What you should do :: Apart from the images, reproduce all of the data word for word.

Data shown ::
______
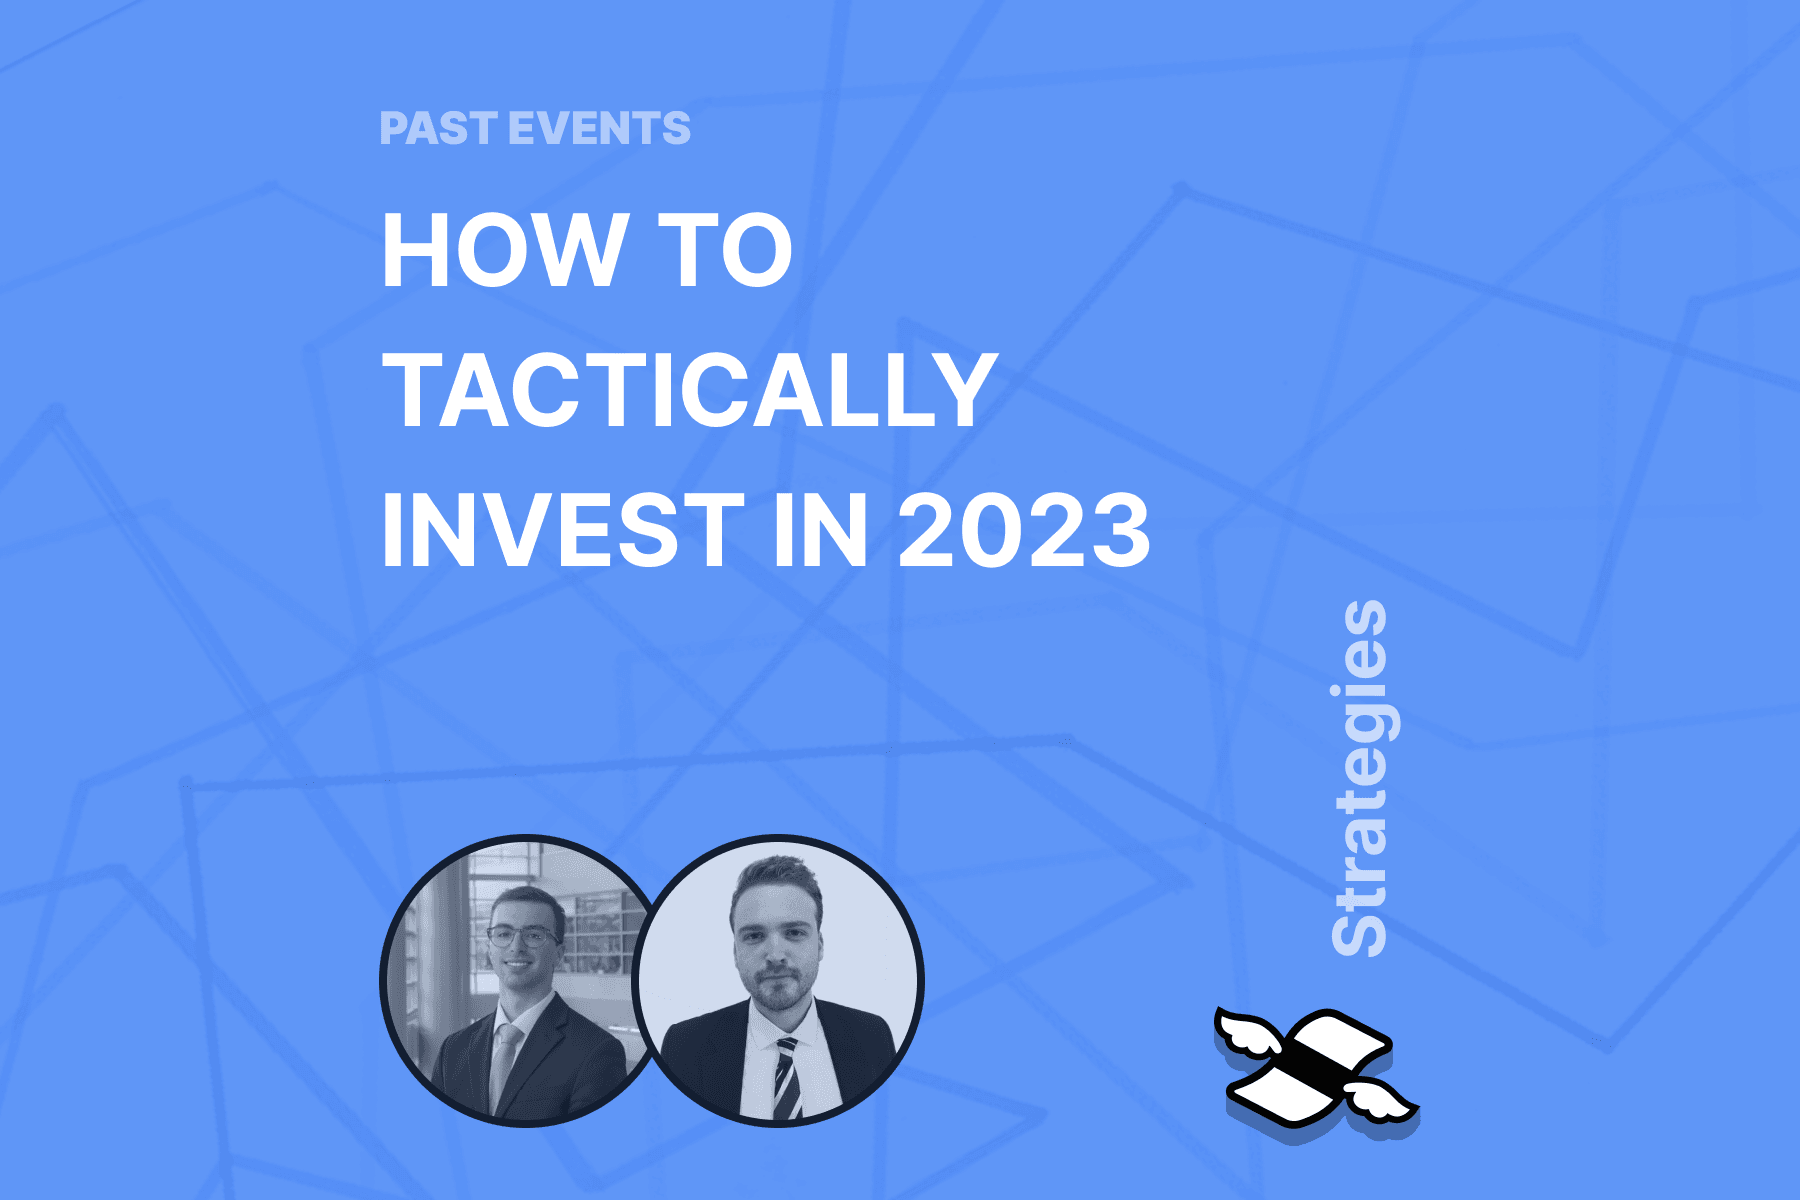 How to Tactically Invest in 2023
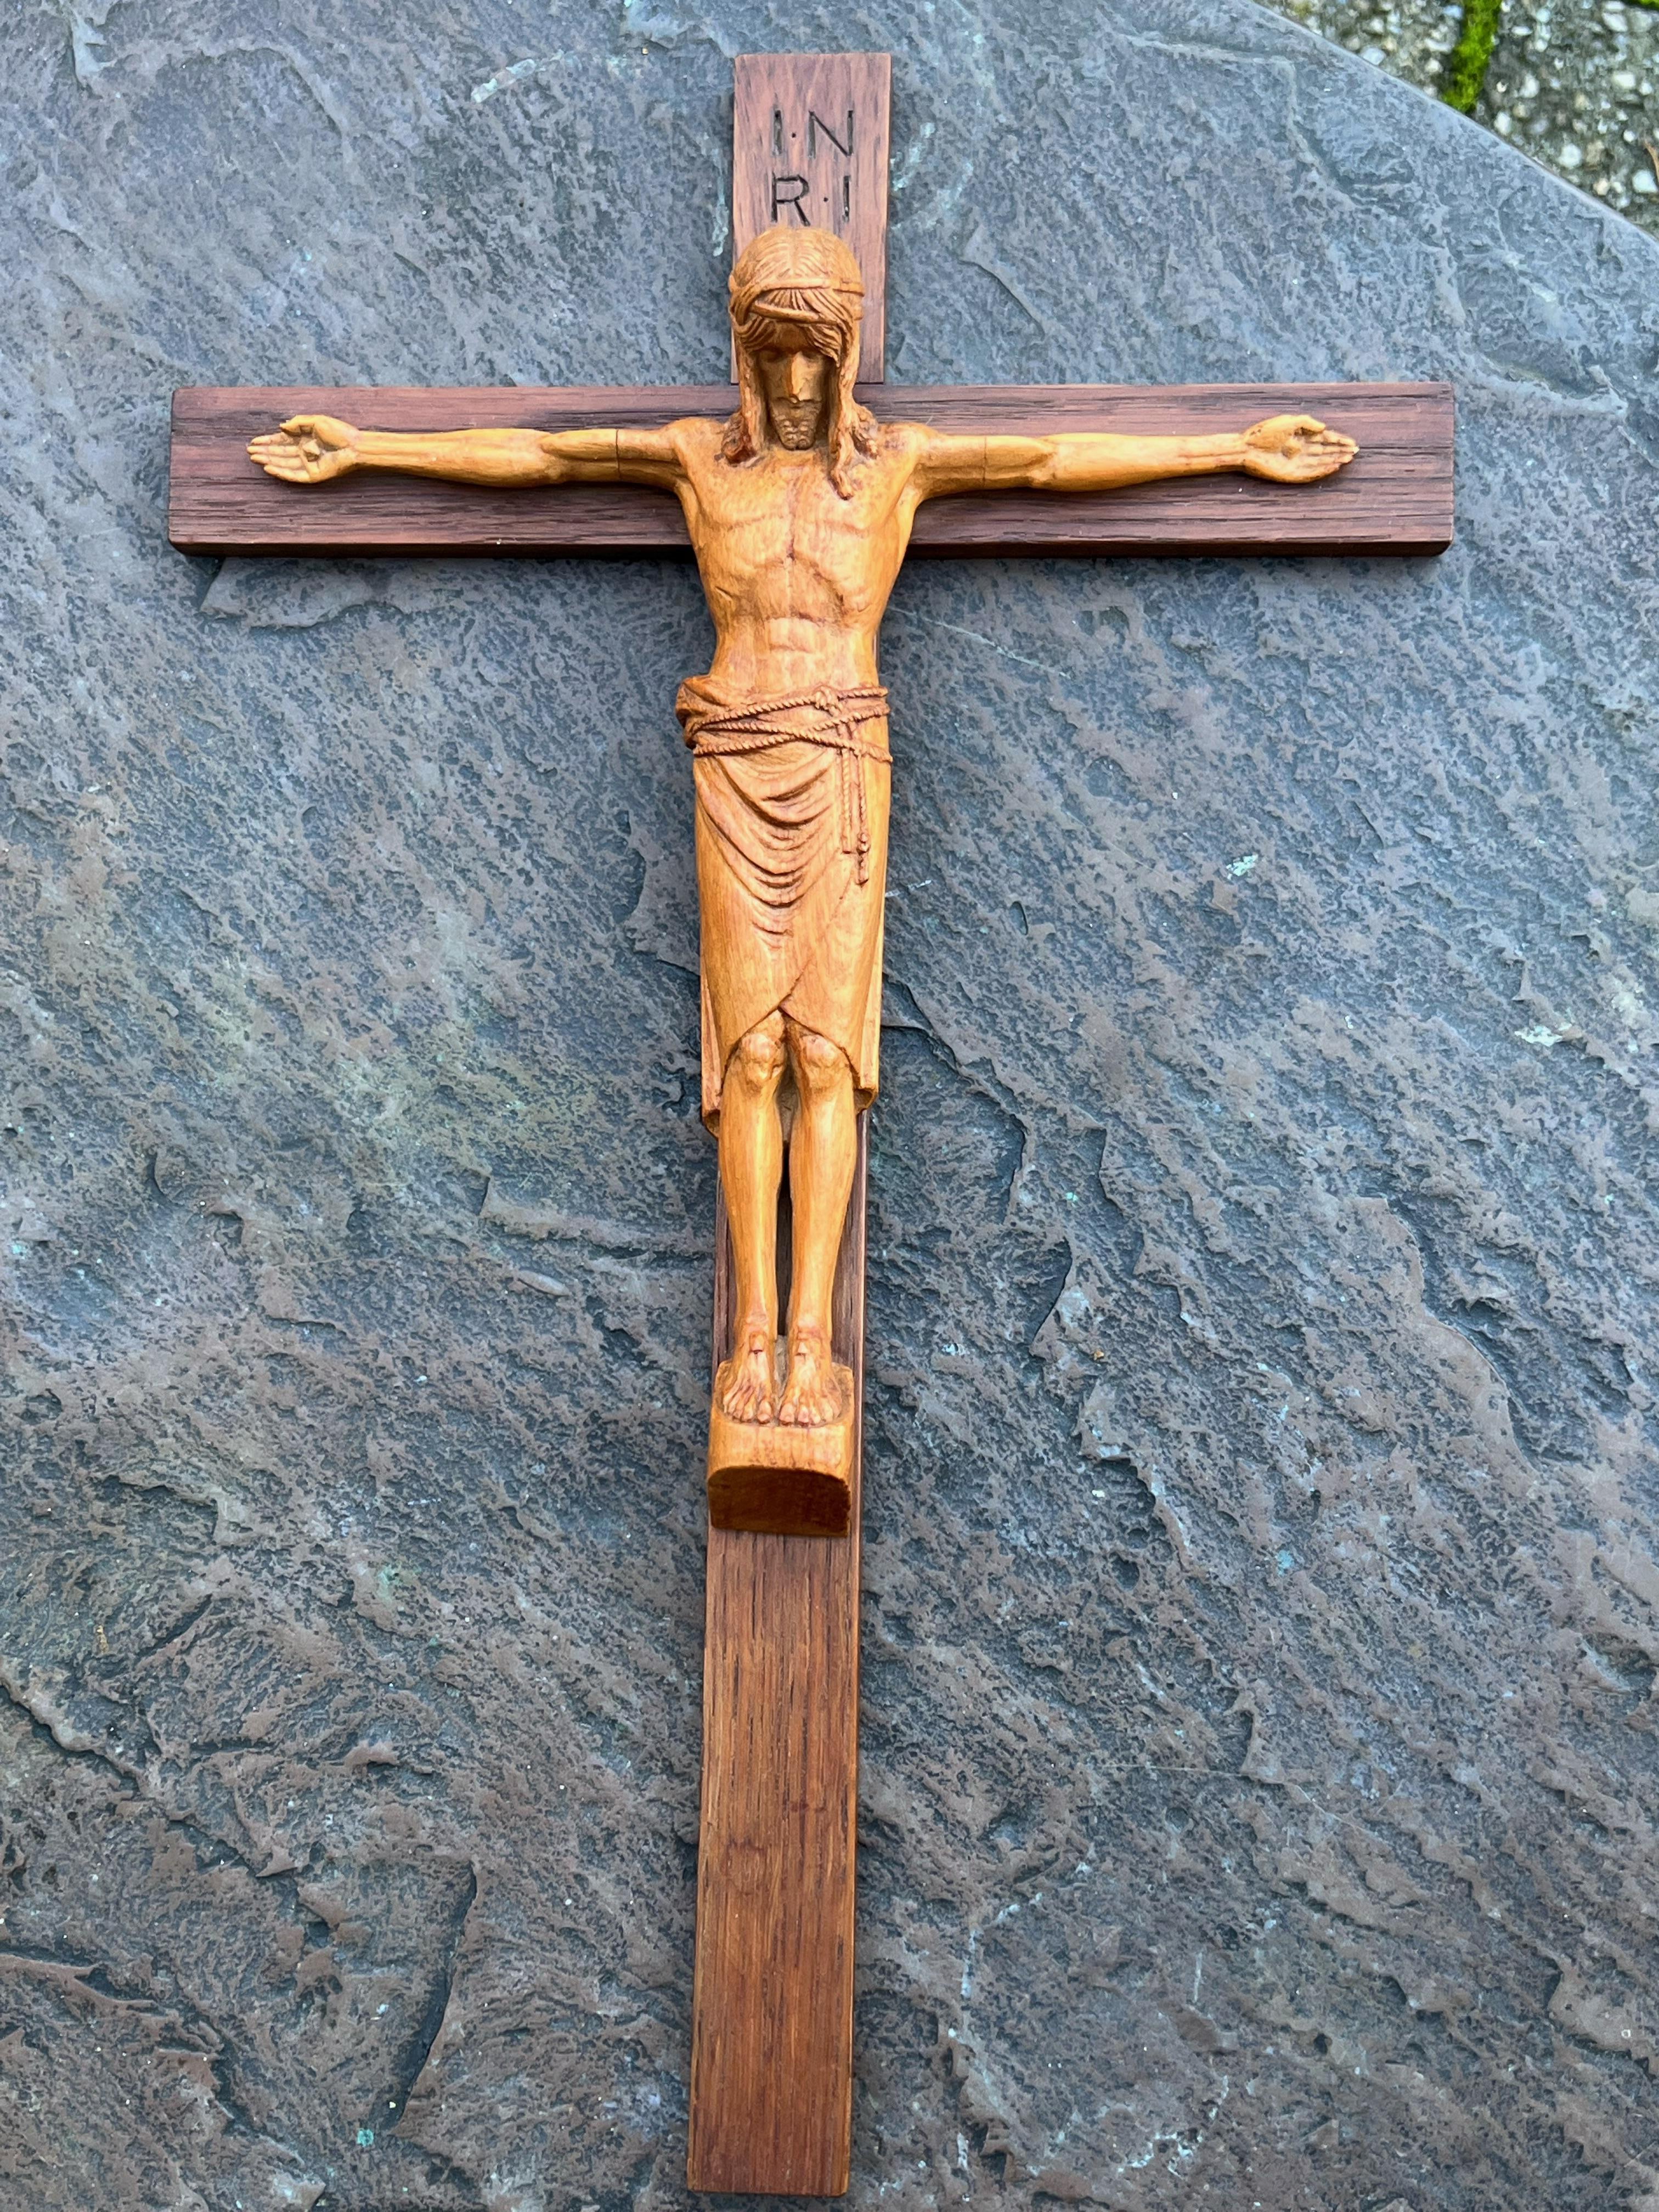 Amazingly wall crucifix with hand carved corpus from Kunstwerkstätten der Abtei Maria Laach.

Over the decades we have sold a number of unique and interesting crucifixes and this here finely carved and stylish specimen is right up there with the
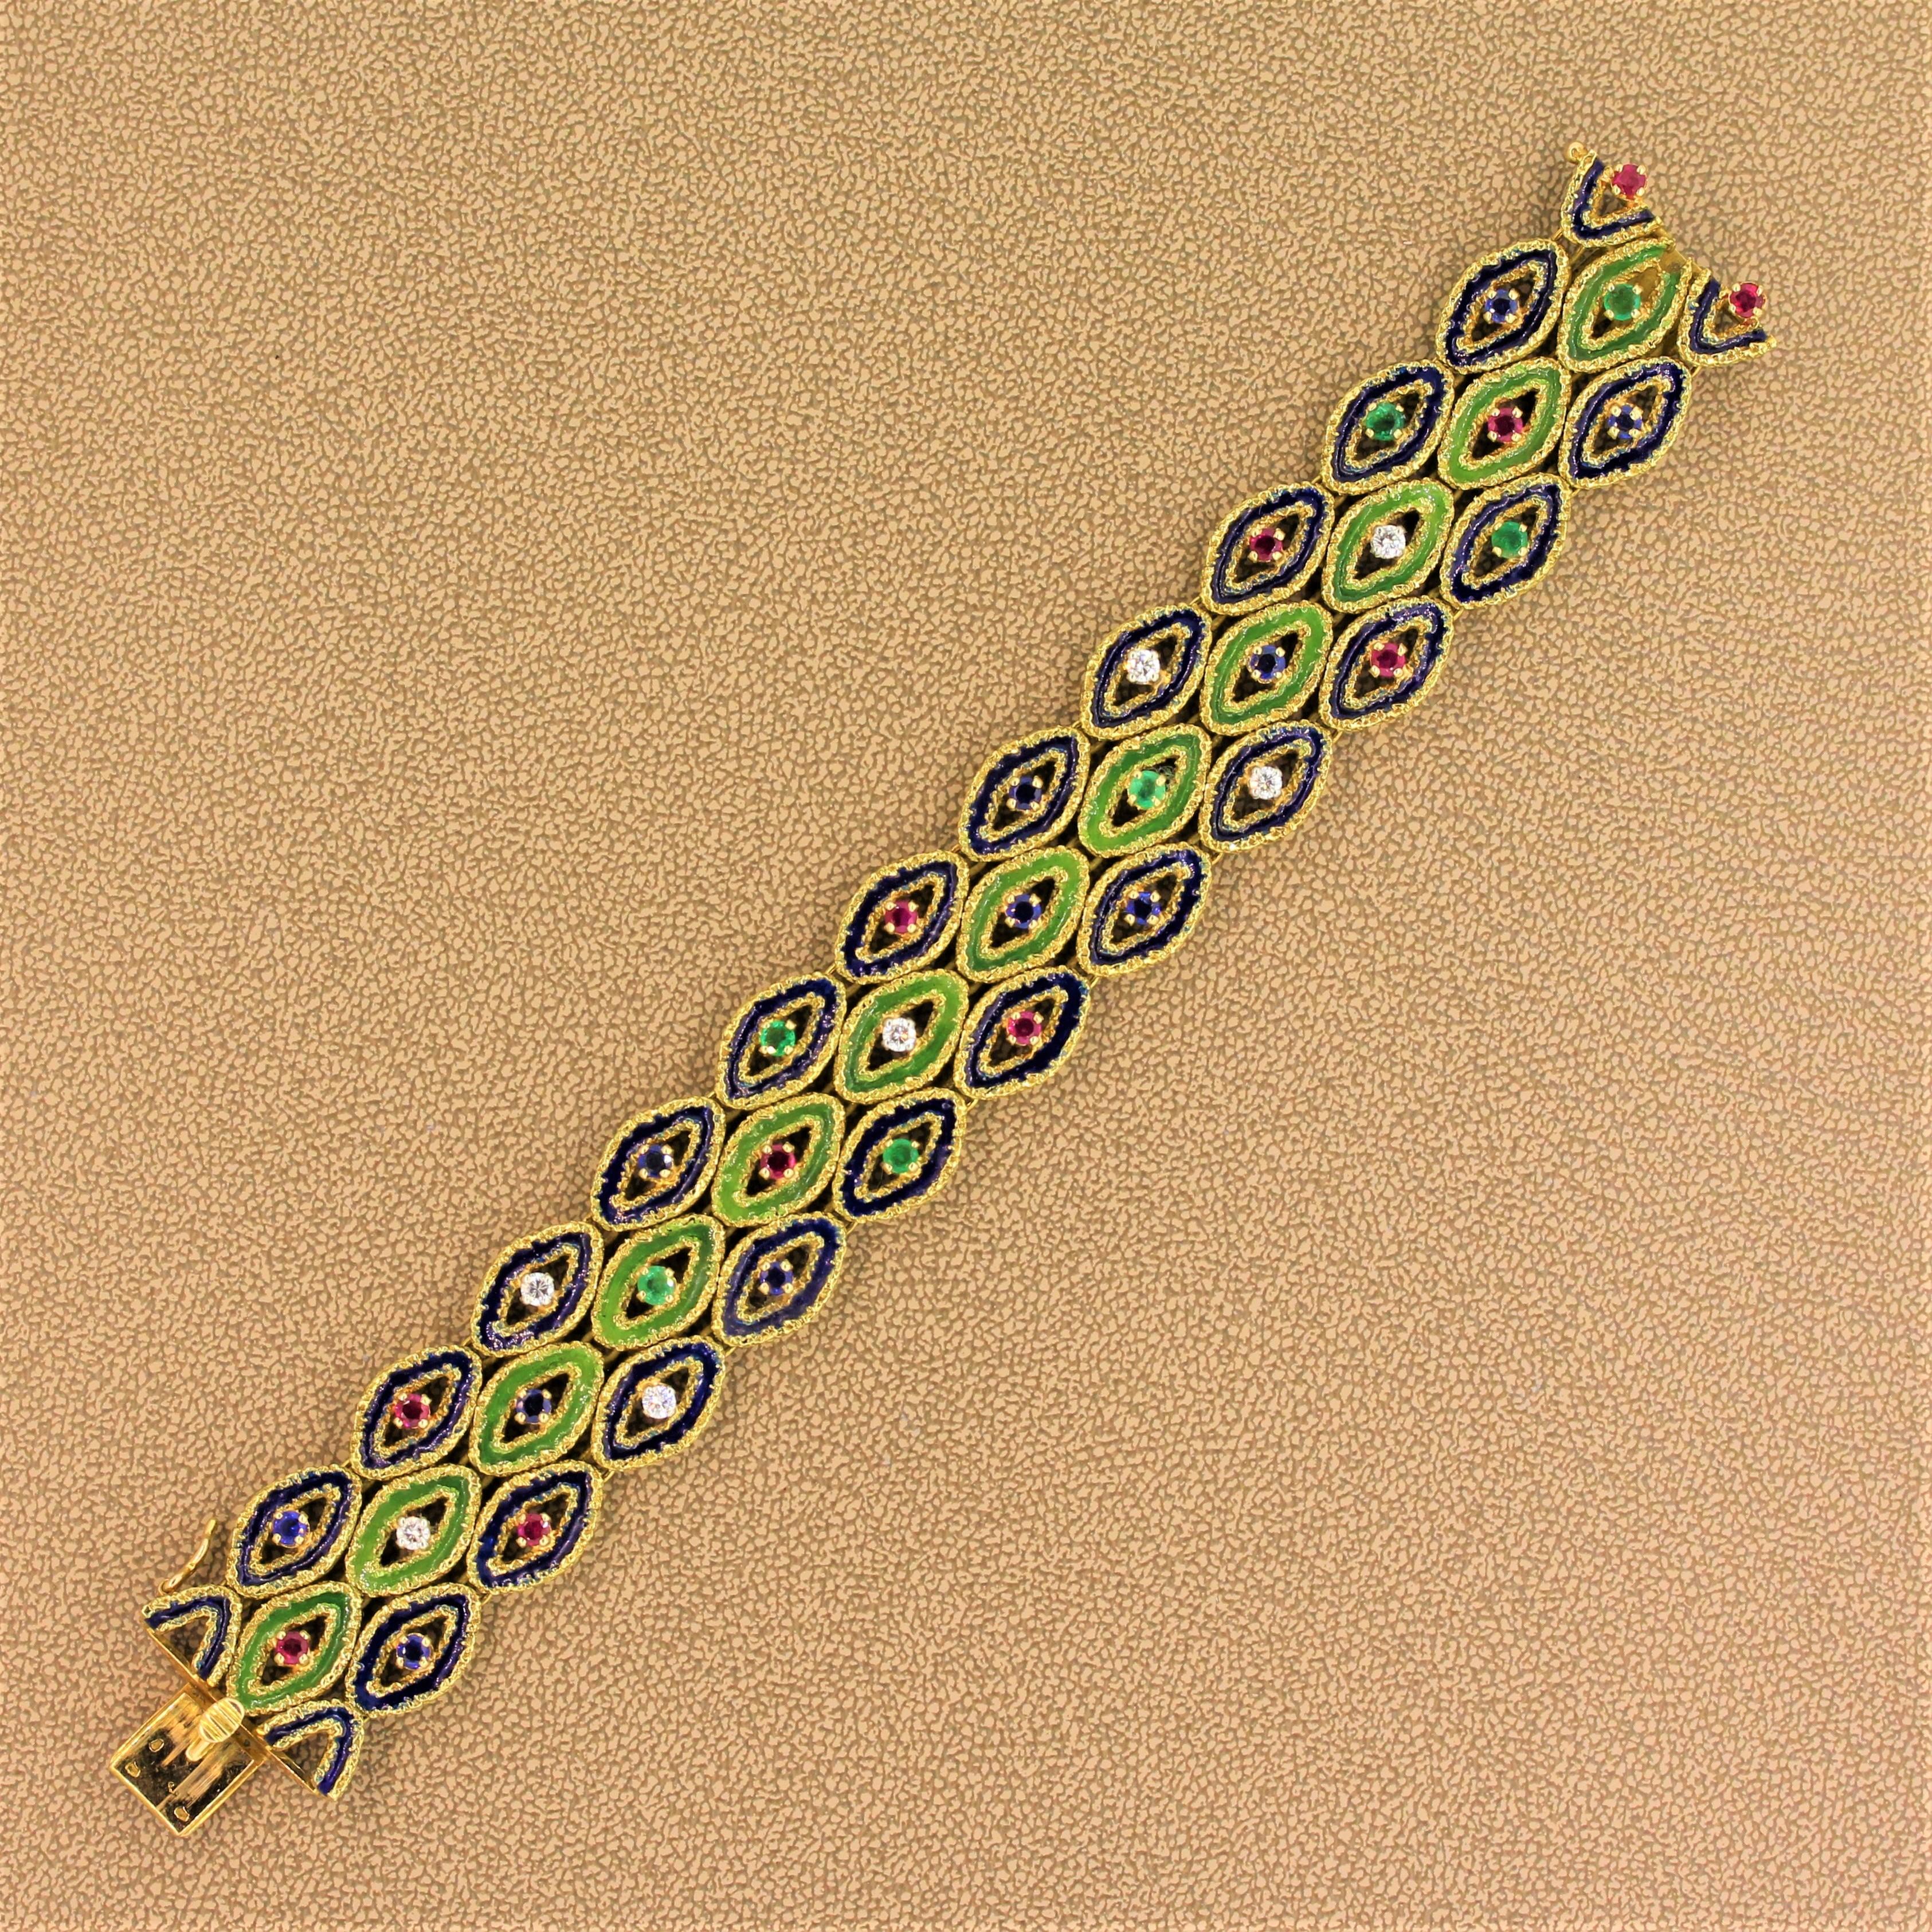 A beautiful French bracelet featuring fine sapphire, ruby and emeralds as well as diamonds in an 18K yellow gold setting. Each precious stone is prong set in the center of rows of hand painted blue and green enamel with a textured filigreed gold
______
Result for this exercise ::
 How to Tactically Invest in 2023
 Amazingly wall crucifix with hand carved corpus from Kunstwerkstätten der Abtei Maria Laach.

Over the decades we have sold a number of unique and interesting crucifixes and this here finely carved and stylish specimen is right up there with the
 A beautiful French bracelet featuring fine sapphire, ruby and emeralds as well as diamonds in an 18K yellow gold setting. Each precious stone is prong set in the center of rows of hand painted blue and green enamel with a textured filigreed gold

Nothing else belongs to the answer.